A word embedding model is a model that can provide numerical vectors for a given word. Using the Gensim’s downloader API, we can download pre-built word embedding models like word2vec, fasttext, GloVe and ConceptNet. These are built on large corpuses of commonly occurring text data such as wikipedia, google news etc.

However, if we are working in a specialized niche such as technical documents, we may not be able to get word embeddings for all the words.

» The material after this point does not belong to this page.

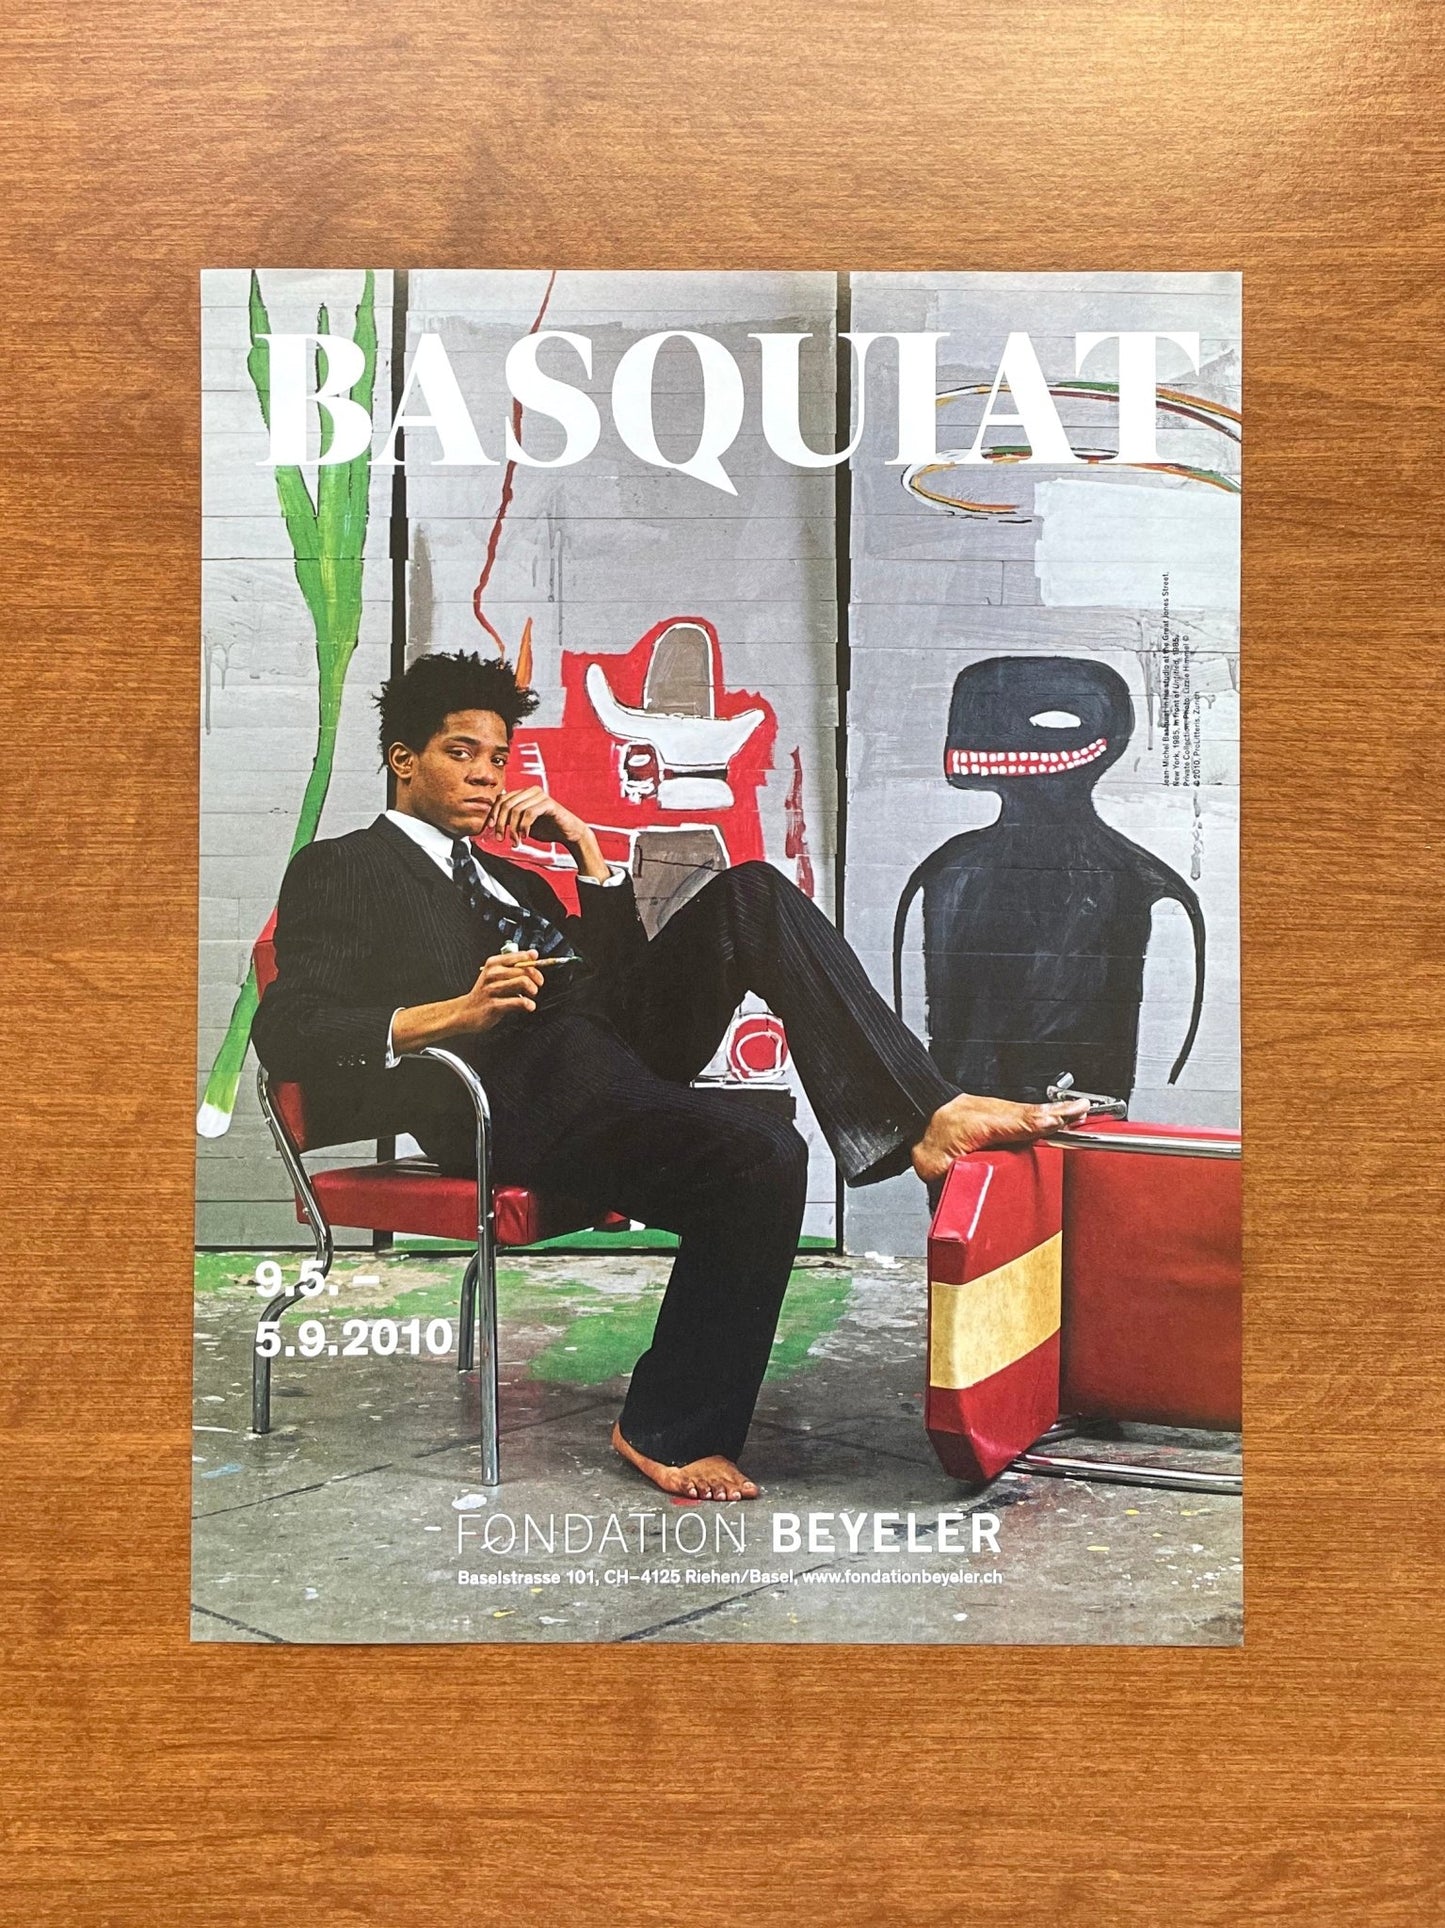 2010 Basquiat Retrospective Advertisement

So, in such cases its desirable to train our own model.

In [1]:
import gensim
from gensim.models.word2vec import Word2Vec
import gensim.downloader as api
from multiprocessing import cpu_count

In [15]:
import warnings
warnings.simplefilter(action='ignore')

In [3]:
dataset=api.load('text8')

In [4]:
data=[wd for wd in dataset]

In [8]:
data[0][:5]

['anarchism', 'originated', 'as', 'a', 'term']

In [9]:
#splitting the data into 2 parts,Later part will be used to update the model.
data_part1=data[:1000]
data_part2=data[1000:]

In [10]:
#Train te word2vec model.The default length of vectors in 100
model=Word2Vec(data_part1,min_count=0,workers=cpu_count())

In [16]:

model['topic']

array([ 0.5913536 , -0.4669403 ,  0.2300151 , -0.0326189 ,  0.82428384,
        1.0622251 ,  0.41448697,  0.3202088 , -0.4964485 ,  1.2178779 ,
        0.36397702, -0.32891572,  0.09694634,  0.5569295 , -1.1447318 ,
        0.592945  , -0.7436546 , -0.3540702 , -0.18498786, -0.4505671 ,
        0.26177293,  0.59536797, -0.302518  , -1.5558119 ,  0.18977602,
       -0.57413954, -1.725028  , -1.4557137 ,  0.10832078, -0.59584504,
        0.764049  , -0.40850034, -0.29667923, -0.90620416, -0.8371268 ,
       -0.8163875 ,  0.5548657 , -0.9921423 ,  0.65224427,  0.89225054,
       -0.64238834,  0.0553678 ,  0.23970193, -0.47748867,  0.2895233 ,
       -0.6060436 , -0.54446214, -0.28231296,  0.3759572 ,  0.4926797 ,
        0.691612  , -0.31964317,  1.7561483 , -0.5470852 ,  0.3934648 ,
        0.05594723, -0.85763055, -0.43768674, -0.72433746,  0.6842822 ,
       -0.94029146, -0.11017247, -0.5186951 ,  0.14269929, -0.83399725,
       -0.2777898 , -0.06652811, -0.9678803 , -0.4636435 ,  0.66

In [18]:
model.most_similar('topic')

[('discussion', 0.7643040418624878),
 ('consensus', 0.7583703994750977),
 ('interpretation', 0.7362848520278931),
 ('speculation', 0.7311907410621643),
 ('discussions', 0.7196162939071655),
 ('discourse', 0.7167651653289795),
 ('explanation', 0.7145833969116211),
 ('opinion', 0.7082844972610474),
 ('debate', 0.701775074005127),
 ('viewpoint', 0.6989355683326721)]

#### save the model

In [None]:
#model.save('newmodel')

#### load the model


In [None]:
#model=Word2Vec.load('newmodel')

## Update existing word2vec model

However, when a new dataset comes, you want to update the model so as to account for new words.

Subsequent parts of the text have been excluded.